Important: Apply Rate Limiting Here

EndpointSuggested LimitWhy
Search30 requests per minute per userPrevent excessive database queries
Data export1 export per hour per userPrevent server load from large exports
Comment posting10 comments per hour per userPrevent comment spam

How Rate Limiting Works

Simple Approach: IP-Based

Track requests by IP address. If an IP exceeds the limit, block further requests.

Pros: Simple to implement, no user accounts needed Cons: Users behind the same IP (office, school, VPN) share limits

Better Approach: User-Based

Track requests by logged-in user ID.

Pros: Fair per-user limits Cons: Requires authentication, doesn't protect login page

Best Approach: Combined

Use both IP-based and user-based limits.

For login: IP-based (attacker isn't logged in) For API: User-based (logged-in users have higher limits) For forms: IP-based (no authentication needed)
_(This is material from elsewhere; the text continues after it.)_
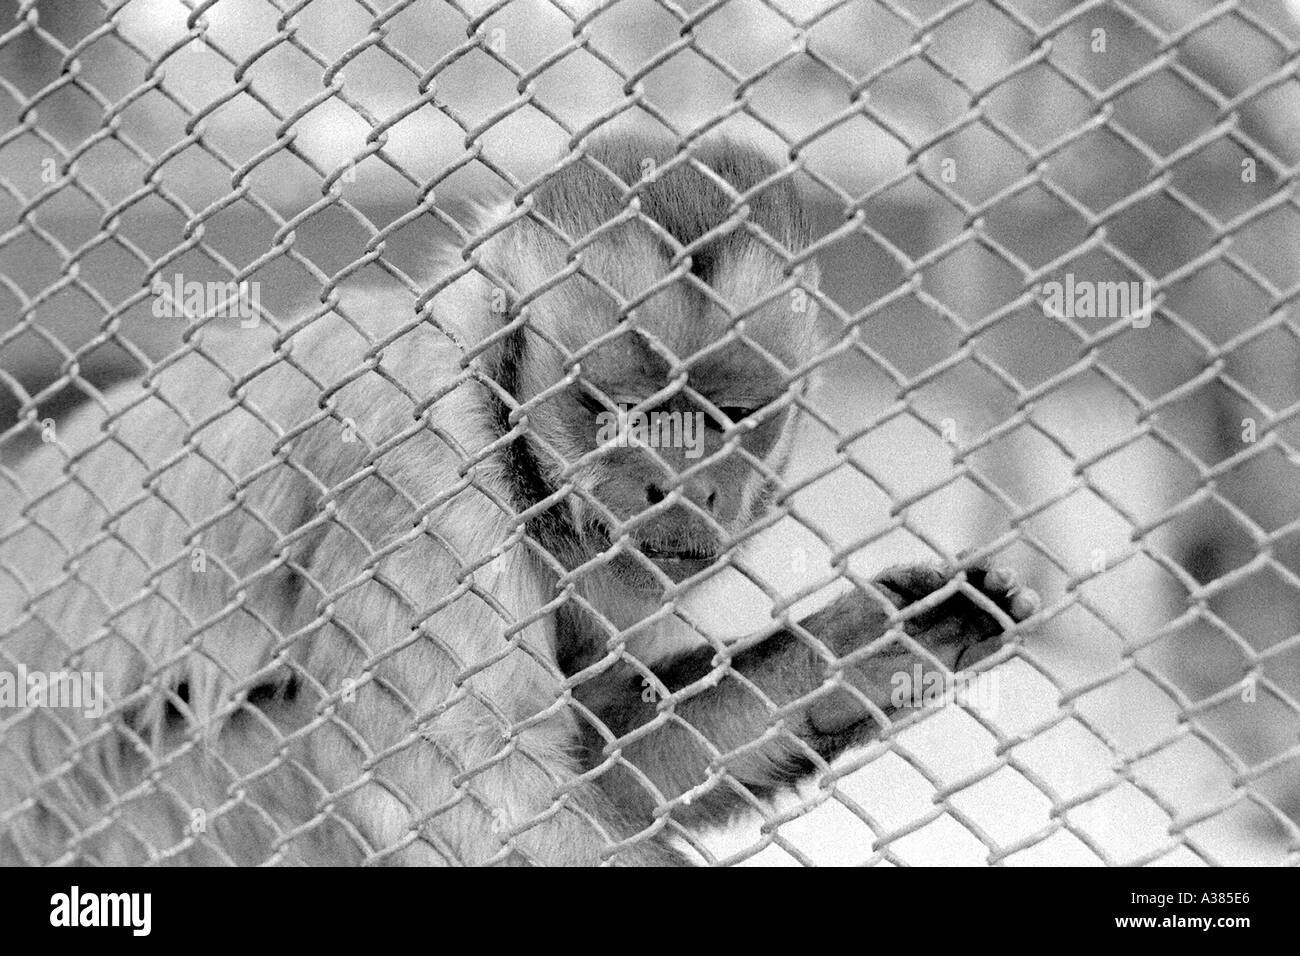 Capuchin Monkey In a Cage Stock Photo

What Happens When Rate Limit Is Exceeded

Your app should respond with:

HTTP Status: 429 Too Many Requests
Response: {
"error": "Too many requests. Please try again in 15 minutes.",
"retry_after": 900
}

The response should:

  • Use HTTP status 429 (standard for rate limiting)
  • Include a clear, user-friendly error message
  • Tell the user when they can try again
  • Not reveal technical details about your rate limiting implementation

How to Add Rate Limiting to Your App

What to Ask Your AI

When building any feature that accepts user input, add this to your prompt:

Security requirement: Add rate limiting to this endpoint.
- Limit: [X] requests per [time period] per [IP/user]
- Response: HTTP 429 with message "Too many requests. Please try again later."
- Use [your framework's] built-in rate limiting if available, or implement with [library].
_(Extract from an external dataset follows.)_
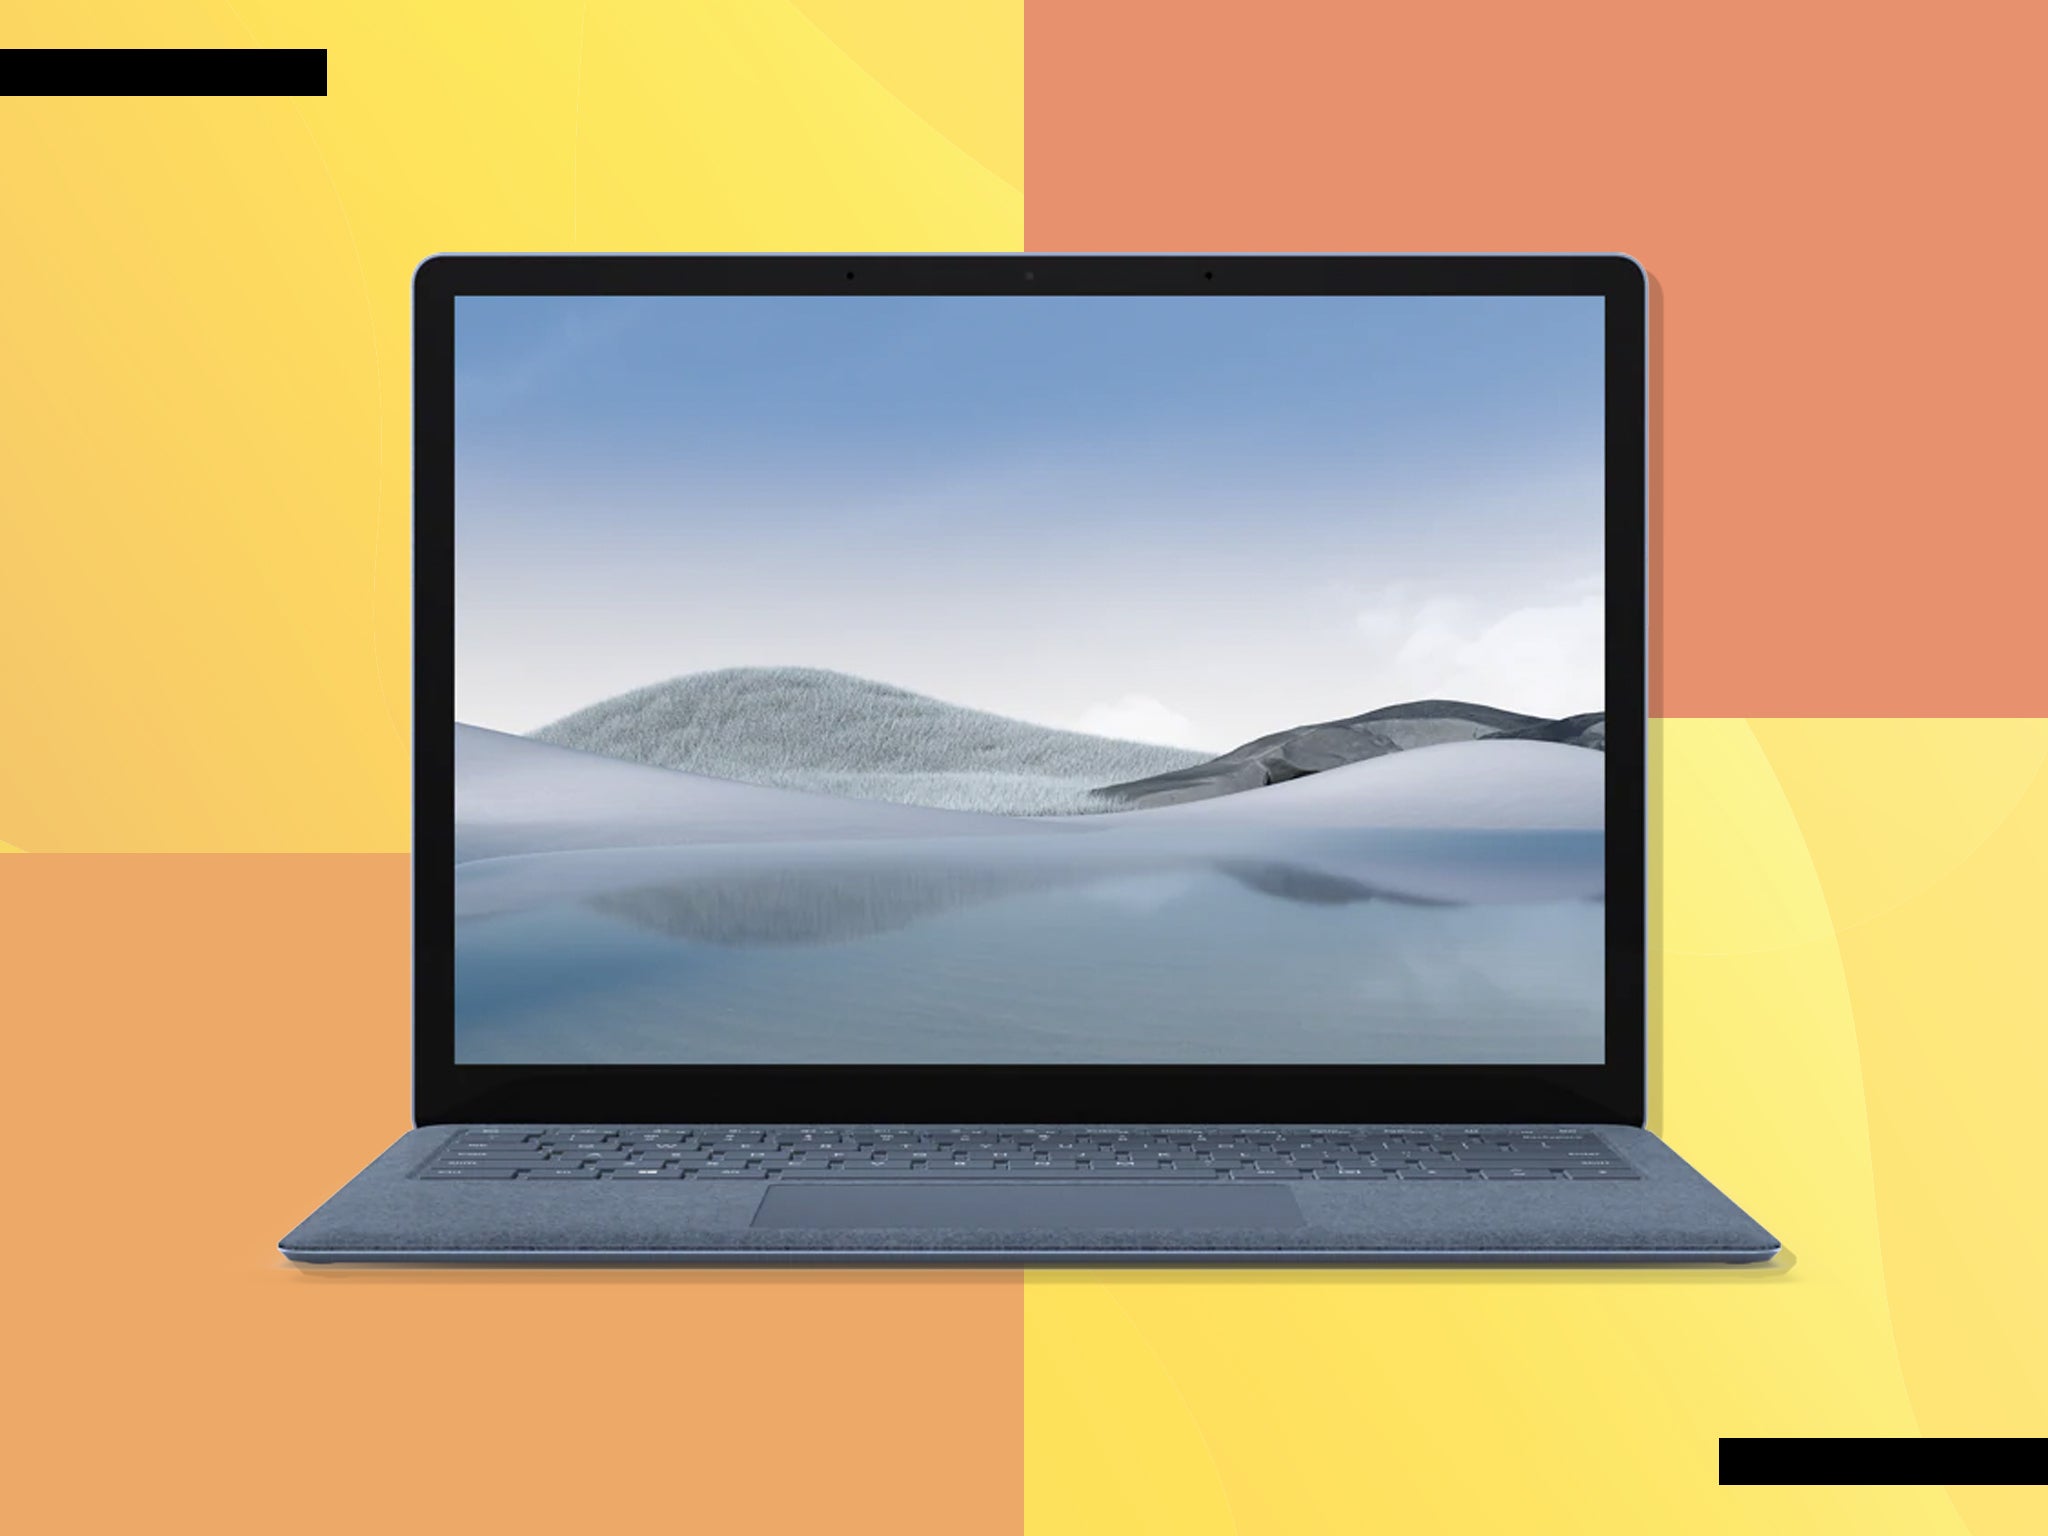 Microsoft starts selling the Surface Laptop and Surface Pro

Framework-Specific Rate Limiting

Most frameworks have built-in or easy-to-add rate limiting:

FrameworkHow to Add Rate Limiting
Next.jsUse express-rate-limit or Vercel's WAF rules
LaravelBuilt-in RateLimiter facade
DjangoUse django-ratelimit package
ExpressUse express-rate-limit package
Ruby on RailsBuilt-in Rack::Attack
FastAPIUse slowapi package
FlaskUse Flask-Limiter package

Example Prompt for Express/Node.js

Add rate limiting to the login endpoint using express-rate-limit.

Requirements:
- Limit: 5 attempts per 15 minutes per IP
- Response: HTTP 429 with JSON { error: "Too many login attempts. Please try again in 15 minutes." }
- Include Retry-After header with seconds until reset
- Store rate limit data in memory (or Redis for production)
- Log rate limit events for monitoring

Rate Limiting Checklist

  • Login endpoint has rate limiting (5 attempts per 15 minutes)
  • Registration endpoint has rate limiting (3 per day per IP)
  • Password reset endpoint has rate limiting (3 per hour)
  • Contact/feedback forms have rate limiting (3 per hour)
  • File upload endpoints have rate limiting
  • API endpoints have rate limiting (100+ per minute)
  • Rate limited requests return HTTP 429
  • Error messages are user-friendly
  • Rate limit data persists across server restarts (use Redis or database)
  • Rate limiting is tested (try exceeding the limit)
  • Rate limiting logs are monitored for attack patterns

The Bottom Line

Rate limiting is the difference between an app that can handle abuse and an app that collapses under it.

It's one of the simplest security measures to implement, yet AI-generated code almost never includes it. Make "add rate limiting" a standard part of every prompt for any endpoint that accepts user input.

Without rate limiting, your login page is a door with no lock. Your contact form is an open mailbox for spam. Your API is a free-for-all. Add rate limiting before you launch.